# Crane decoys $45 a dozen



## Chris Benson (Apr 3, 2004)

Found a field the other day that held a couple hundred cranes. Having never really hunted cranes before, and just getting a new layout blind last winter, I thought I would try setting up the blind in the field and hopefully a few of those cranes return on the Sept 1st opener.

Only problem was, I didn't have any crane decoys. The only crane decoys that are sold in stores is the carrylite version for $50 or $80 if you buy one up here. There is no way, I'm going to buy a single decoy for $80!! Unless it's hand carved!

So it got me to thinking, what could I jerry rig up as a crane decoy. Then it hit me, repaint some of those North Wind snow decoys as cranes! They have the right body posture and it would be easy enough to repaint them.

So, if you're looking for a cheap crane decoy, pick up some North winds and some paint and you can make a crane decoys for about $45 a dozen.


----------



## KEN W (Feb 22, 2002)

Interesting Chris....let us know how your "homemade" crane decoys work out.

What color paint did you use?


----------



## Leo Porcello (Jul 10, 2003)

Chris,

You use to be able to get crane windsocks. Also in AK we use to use homemade sillies. Outlaw also made some. The homemade sillies worked great. I also saw where someone had made sillies anda then in the mid body put some plywood perpendicular (sp) to create a body. Then when they would kill cranes they would cut the wings off and mount it on the created body. Good luck!


----------



## Springer (Dec 21, 2004)

At Home of Economy in Grand Forks they have about 5 or 6 boxes of Northwind Crane decoys on clearance for 24.95. I'm not sure but they might ship them or you could send me some money and I could pick them up and ship them. HoE phone number is 701-795-3580, this is to their sporting goods dept.


----------



## Chris Benson (Apr 3, 2004)

Springer,

This is the first time I heard that Northwind makes crane decoys. Are you sure they aren't another brand name?
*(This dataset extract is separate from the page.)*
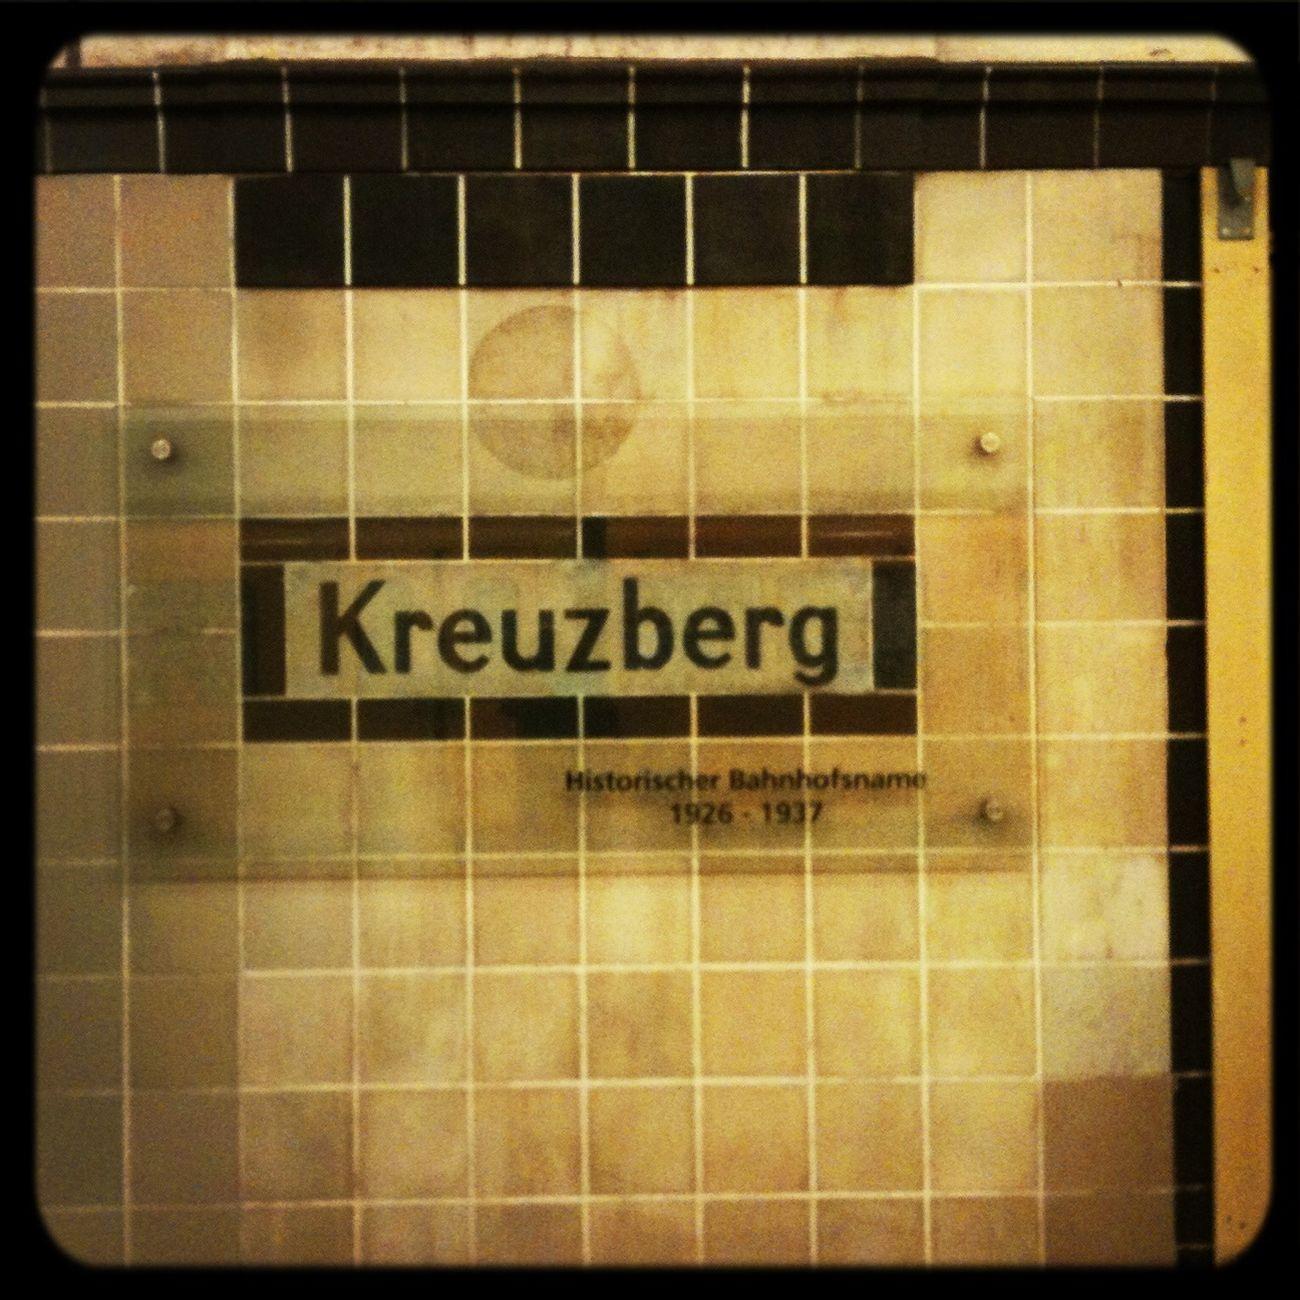 I'm at U-Bhf Kreuzberg.

Don't really need the decoys, but thanks for the offer.

For my decoys, I used a grey primer paint, but added some white paint to the grey to lighten it up a bit. Painted the entire body and head grey. Pianted the bill a very dark grey. Added the white patch with the red crown. Then painted a few feather details on the back of the decoy.

The grey paint I used, was left over from painting my boat. So, if you're going to do this, you're better of useing spray paint. I just didn't want to spend the $5 for a can, when I had alot of grey paint at home.


----------



## blazzin1 (May 28, 2005)

I just purchased 2 dozen "inflatable" crane decoys made by Cherokee Sports. I think they're going to be really great, especially at $100 a dozen. The only thing I wasn't impressed with is the head color, the heads are almost white with a bit of light blue tint?!?!? Kinda weird, but makes me wonder if the cranes are color blind anyway??? I might be interested in those decoys at HOE just for additional numbers, maybe I'll give them a call tomorrow!!! You can check out the inflatables at: http://www.knutsondecoys.com/decoys/cra ... _CSSH.html

Good luck this season!!!!


----------



## smitherman (Sep 18, 2007)

Do they still have the decoys you posted in your town?? Might be interested.


----------



## smitherman (Sep 18, 2007)

Springer, 
Do they still have the decoys at the store in your town E-mail me at [email protected] Im Interested. Maybe we can work something out shippin and all.
Todd


----------



## Springer (Dec 21, 2004)

They are all gone.


----------



## MsDeerHunter (Dec 13, 2007)

Not to hijack a thread,

but I never had any idea people crane hunted?


----------



## greenhead61 (Feb 15, 2007)

Guess you dont hunt much.............................................................. I hunt e'm all myself.


----------



## TANATA (Oct 31, 2003)

Springer said:


> At Home of Economy in Grand Forks they have about 5 or 6 boxes of Northwind Crane decoys on clearance for 24.95. I'm not sure but they might ship them or you could send me some money and I could pick them up and ship them. HoE phone number is 701-795-3580, this is to their sporting goods dept.


You Spring are a nice guy for worrying about a random online. You got my respect. :beer:


----------